─── DATA SECTION ───
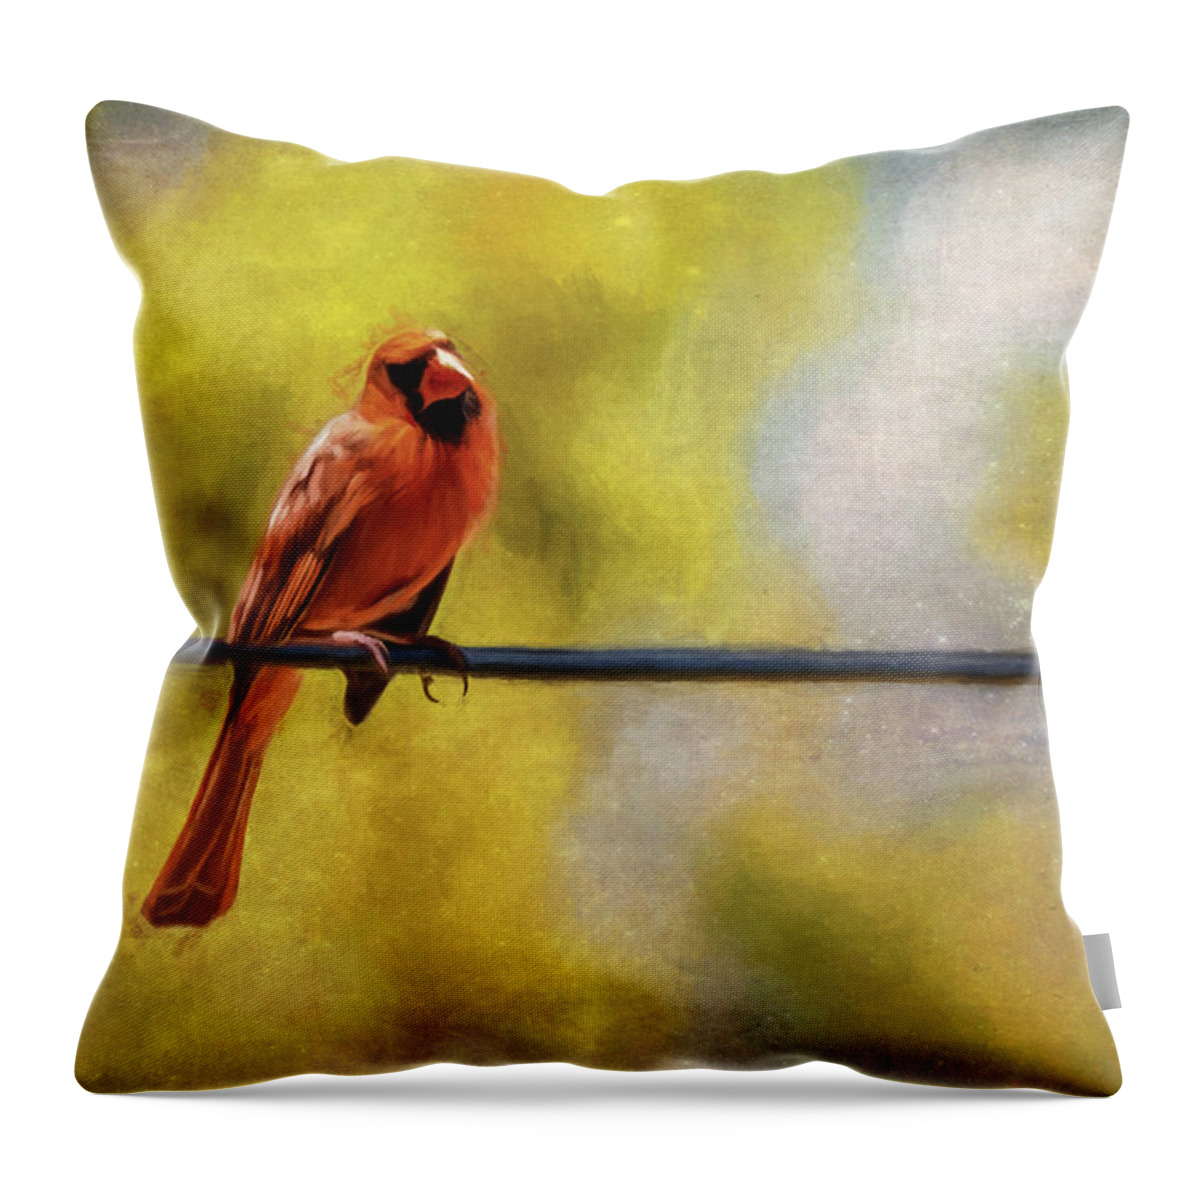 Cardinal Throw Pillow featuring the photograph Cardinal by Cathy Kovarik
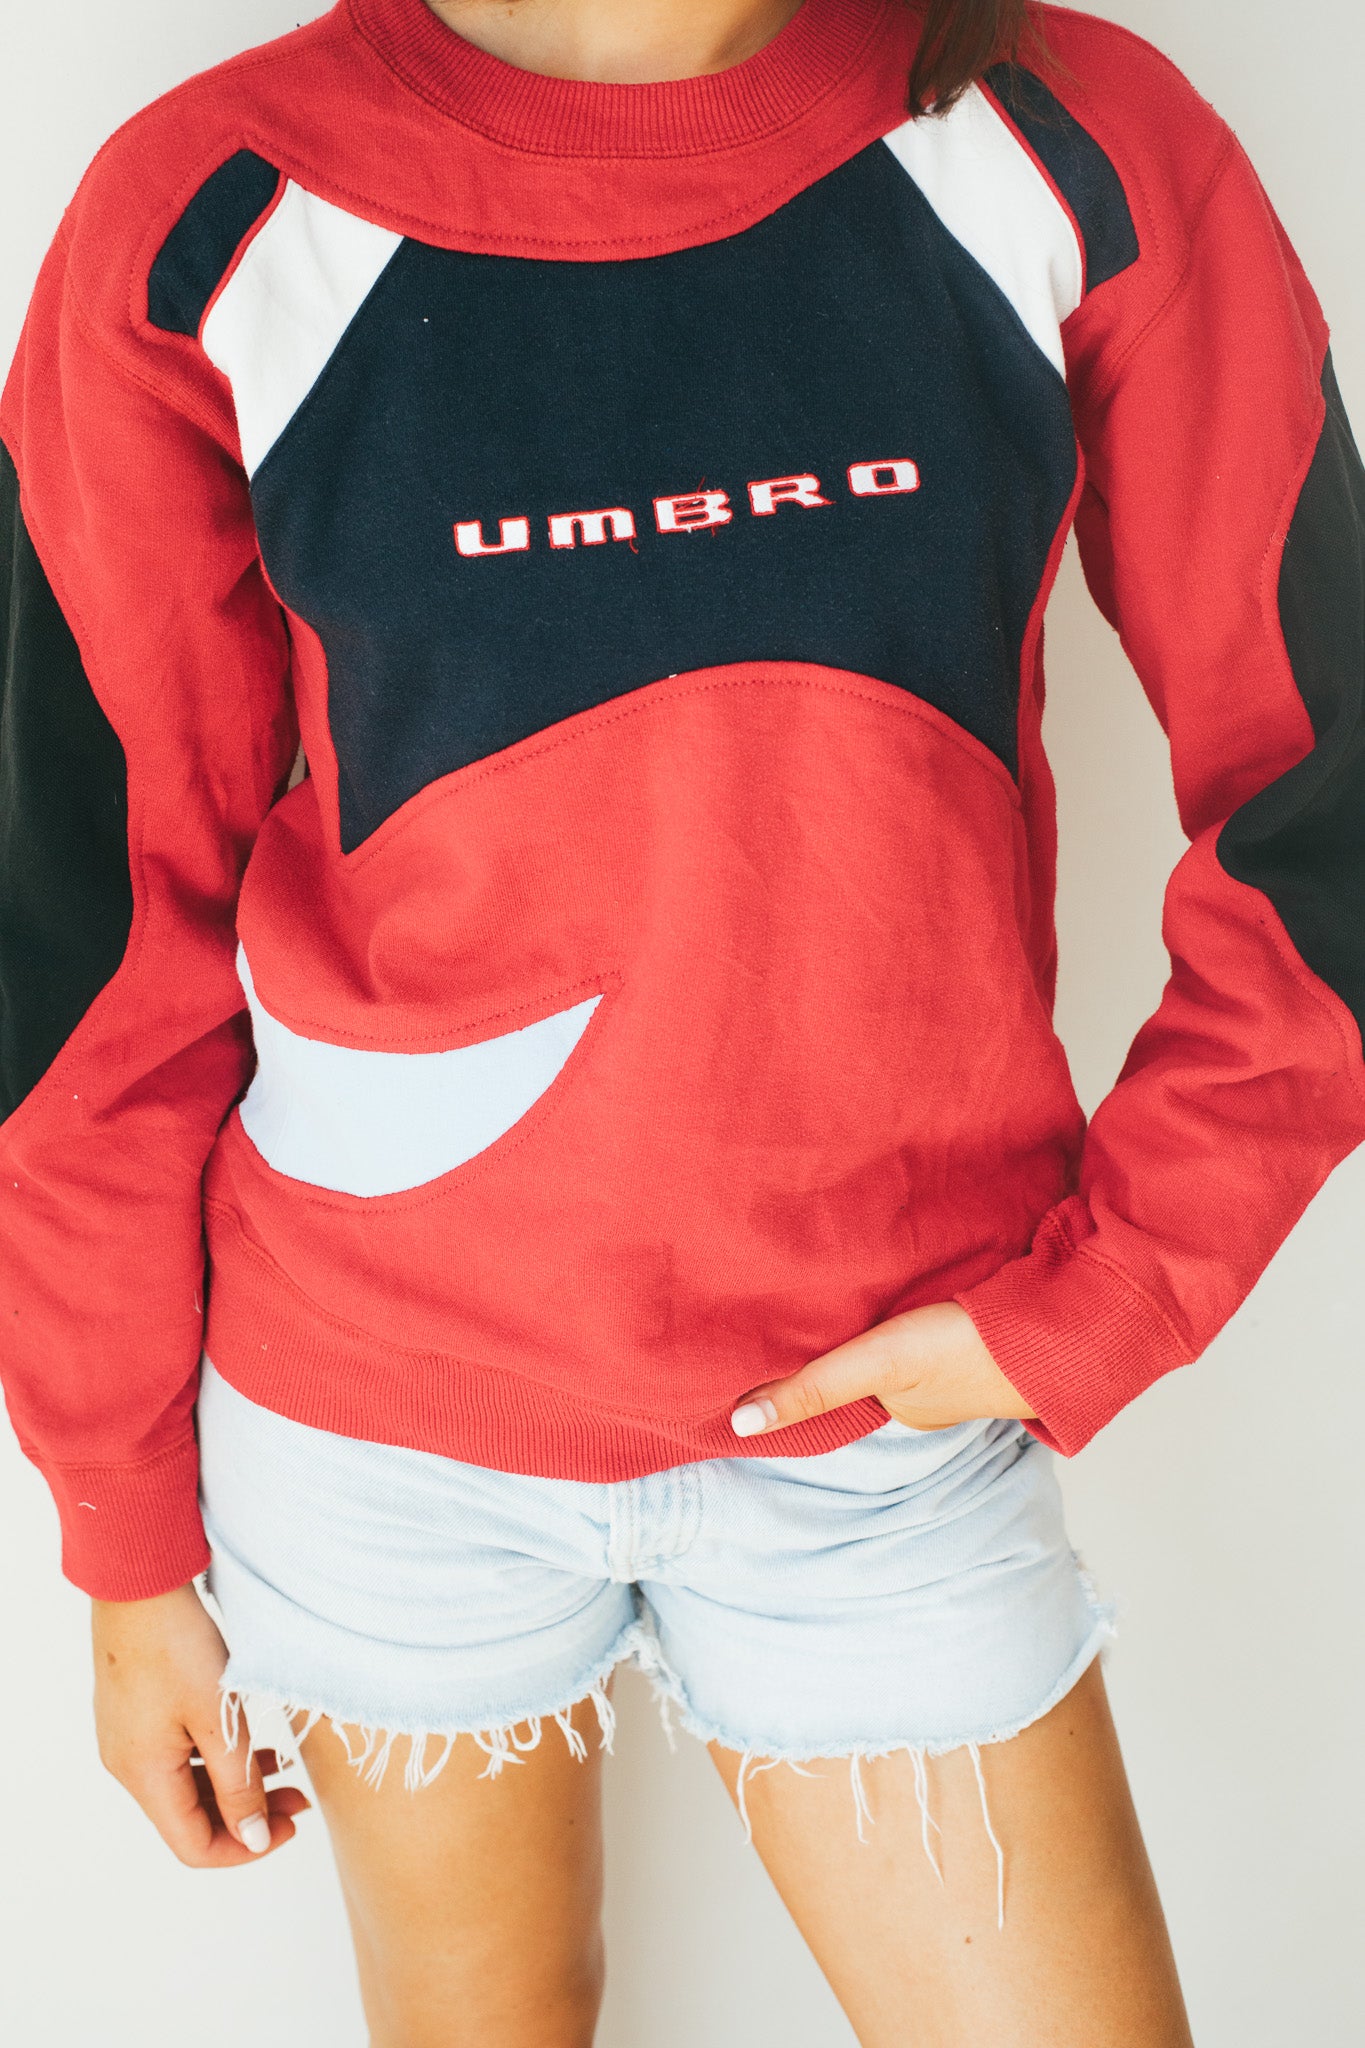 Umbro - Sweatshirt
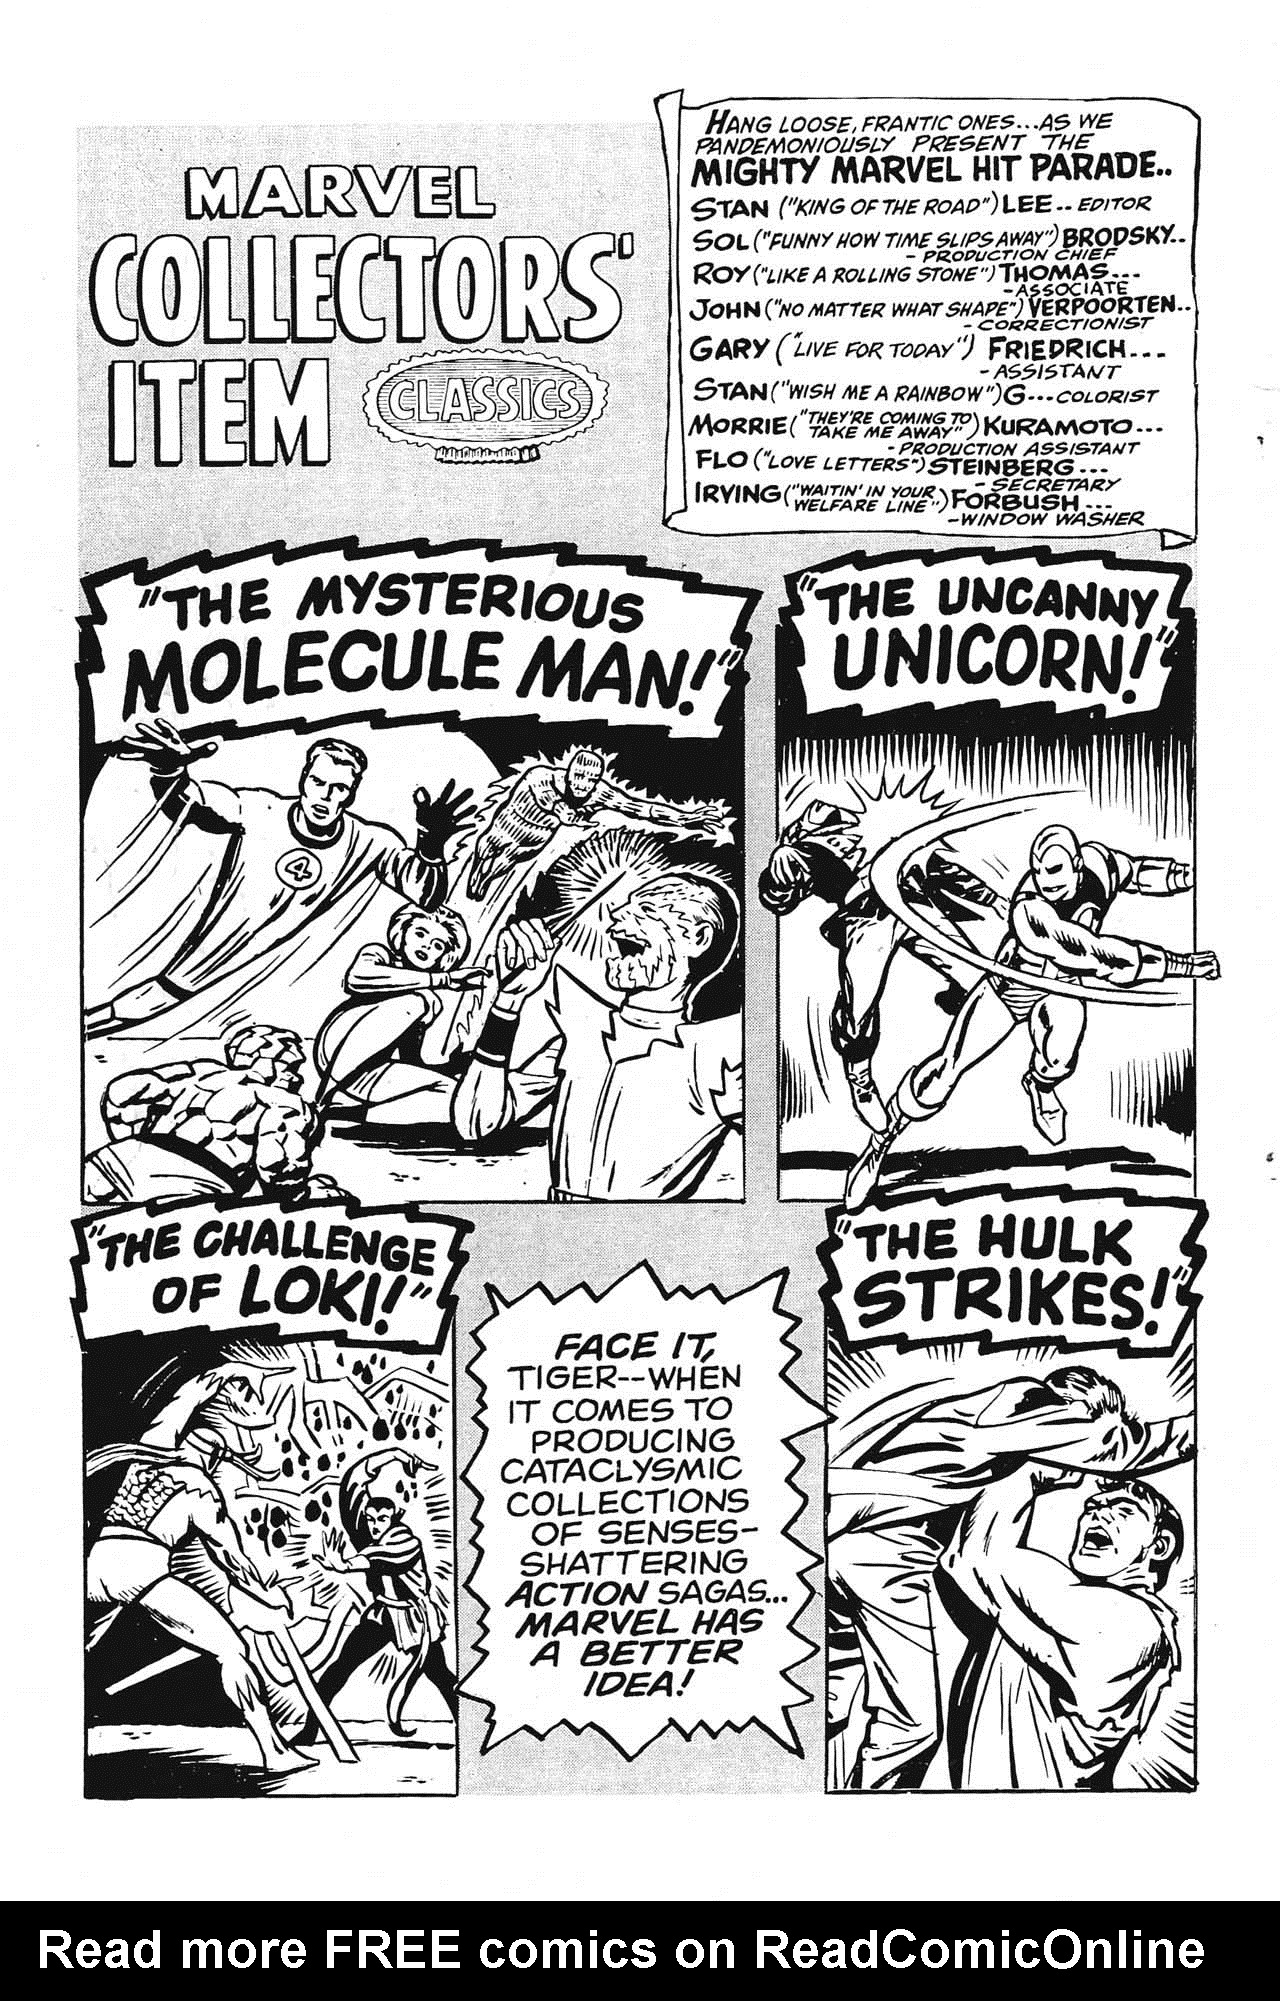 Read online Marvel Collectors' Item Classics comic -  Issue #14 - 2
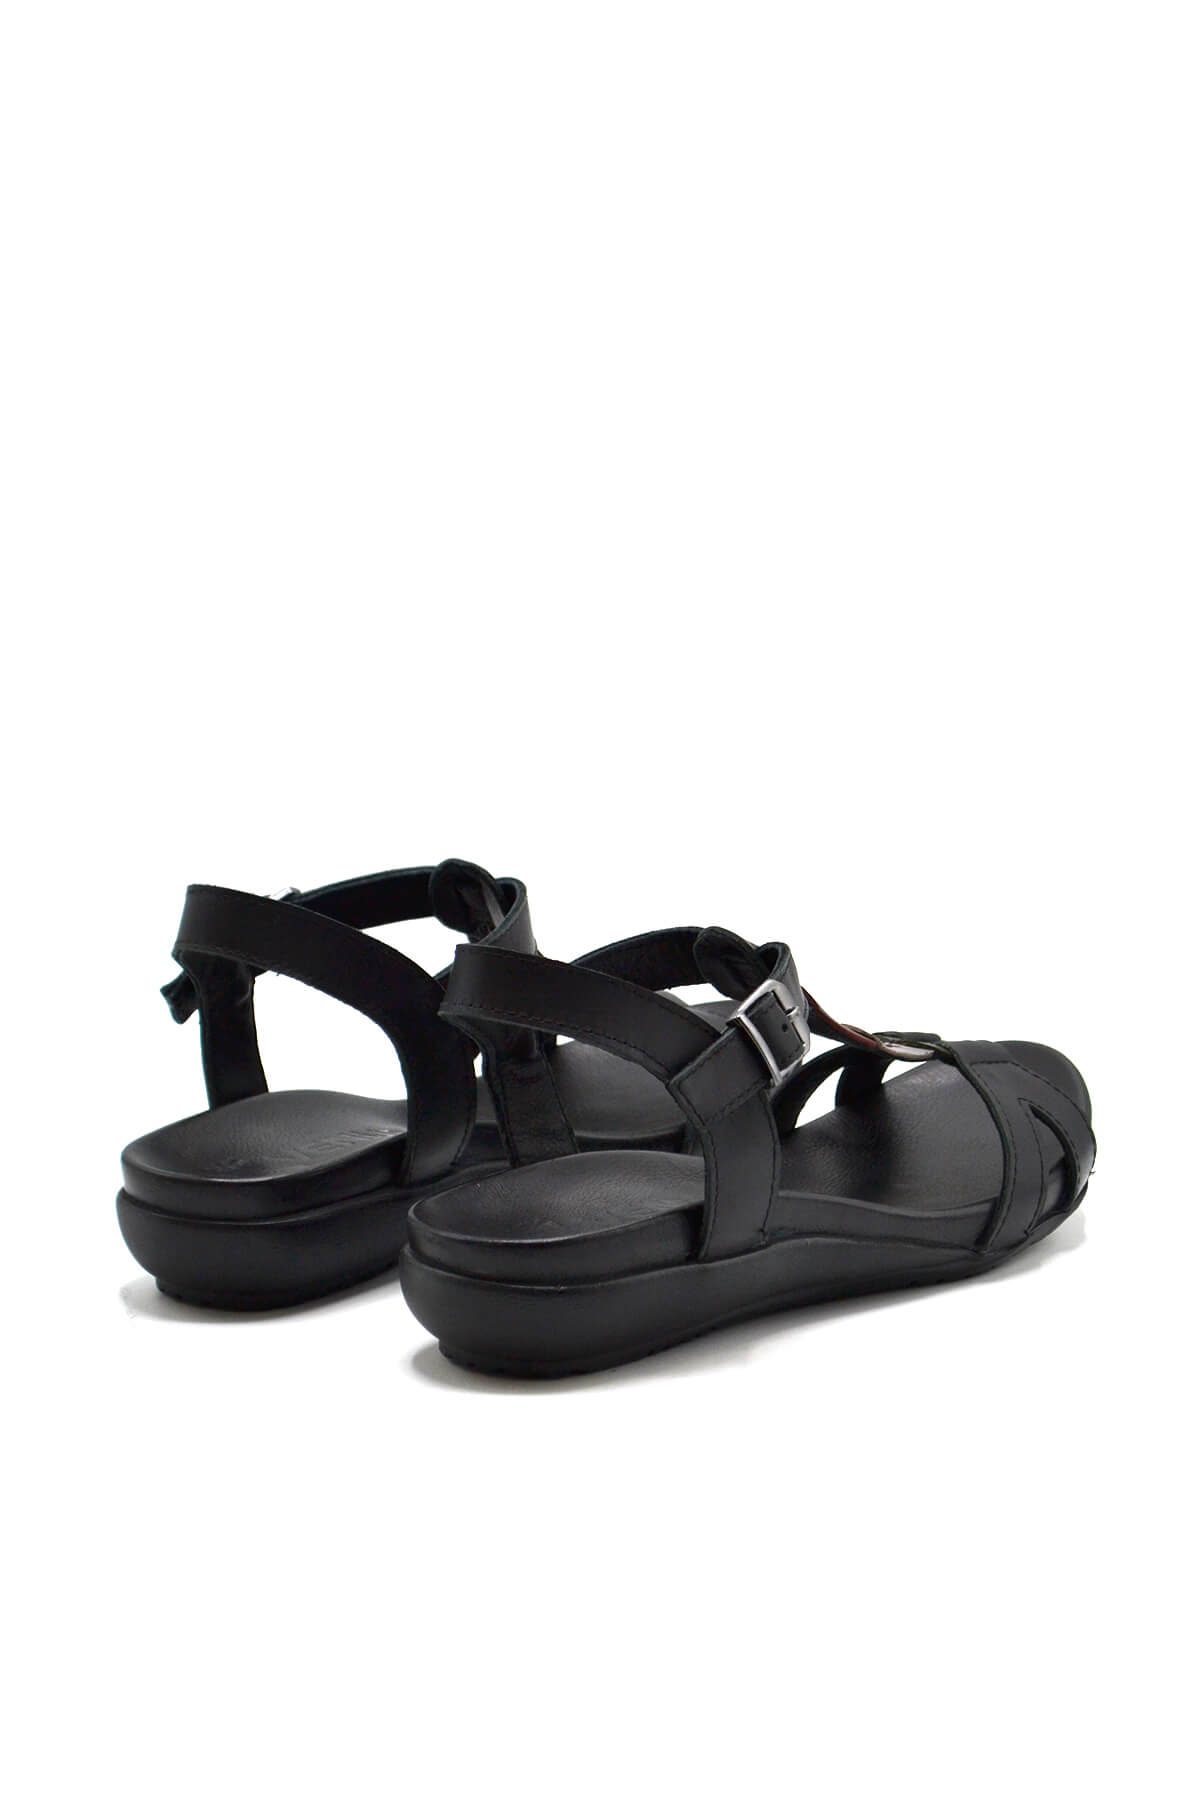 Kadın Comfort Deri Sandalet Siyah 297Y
───
**REQUIREMENT**
Give the listing again exactly, but omit each image.

**EXERCISE RESULT**
 Cardinal Throw Pillow featuring the photograph Cardinal by Cathy Kovarik
 Umbro - Sweatshirt
 Read online Marvel Collectors' Item Classics comic -  Issue #14 - 2
 Kadın Comfort Deri Sandalet Siyah 297Y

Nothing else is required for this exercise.